Why barrier synchronisation not needed here from best practices guide page number 29

From best practices guide page number 29: best practice

__global__ void coalescedMultiply(float *a, float* b, float *c, 

								  int N) 

{ 

  __shared__ float aTile[TILE_DIM][TILE_DIM]; 

int row = blockIdx.y * blockDim.y + threadIdx.y; 

  int col = blockIdx.x * blockDim.x + threadIdx.x; 

  float sum = 0.0f; 

  aTile[threadIdx.y][threadIdx.x] = a[row*TILE_DIM+threadIdx.x]; 

  for (int i = 0; i < TILE_DIM; i++) { 

	sum += aTile[threadIdx.y][i]* b[i*N+col]; 

  } 

  c[row*N+col] = sum; 

}

Why __syncthreads() barrier synchronisation after aTile[threadIdx.y][threadIdx.x] = a[row*TILE_DIM+threadIdx.x]; in the above kernel is NOT neccessary?

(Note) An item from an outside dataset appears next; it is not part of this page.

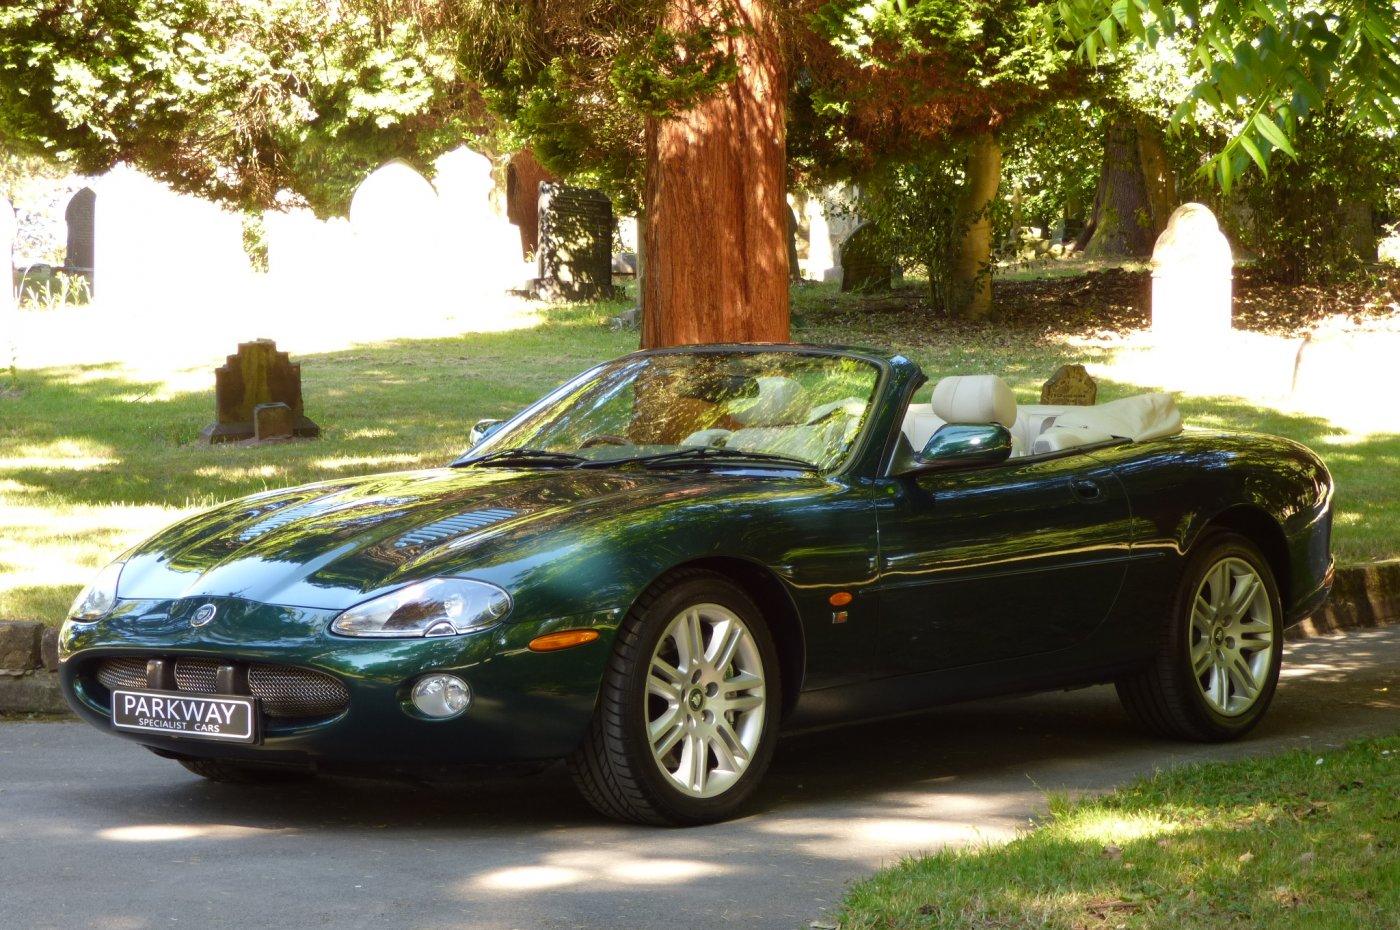 Jaguar Xkr 4 2 Convertible V8 S C

So…, Something to do with the value of TILE_DIM and the number of threads per block spawned…

Ok. blockDim.x, blockDim.y and TILE_DIM= 16. so one block consist of 256 threads.

now lets say warp 0 is running and doing the following:

aTile[threadIdx.y][threadIdx.x] = a[row*TILE_DIM+threadIdx.x];

the above transfer will take some time. Now if we dont put a barrier and start the following instructions

for (int i = 0; i < TILE_DIM; i++) { 

	sum += aTile[threadIdx.y][i]* b[i*N+col]; 

  }

when still the job of data copy is in progress, dont you think I will be getting wrong values in sum? For example the value aTile[14][0] is being used in sum when still it is not loaded into aTile…(or the loading is still in progress)

16 is half a warp size, so threads 0-15 will always work at once on the hardware ! there is no need to sync between them since they all work on the same row which they loaded there is no need for a sync.

A thread with index (threadIdx.y, threadIdx.x) performing the sum uses only values aTile[threadIdx.y][0] through aTile[threadIdx.y][15]. These values are loaded by threads with index (threadIdx.y, 0) through (threadIdx.y, 15). In other words, threads in the same half-warp as the thread doing the sum. This guarantees that the loads have been done (or the the half-warp would still be perfoming the load and not the sum). It doesn’t matter how far the other threads in the block have got because they are loading (and then summing) values of aTile[y] where y <> threadIdx.y.

Thanks for the nice explanation :-)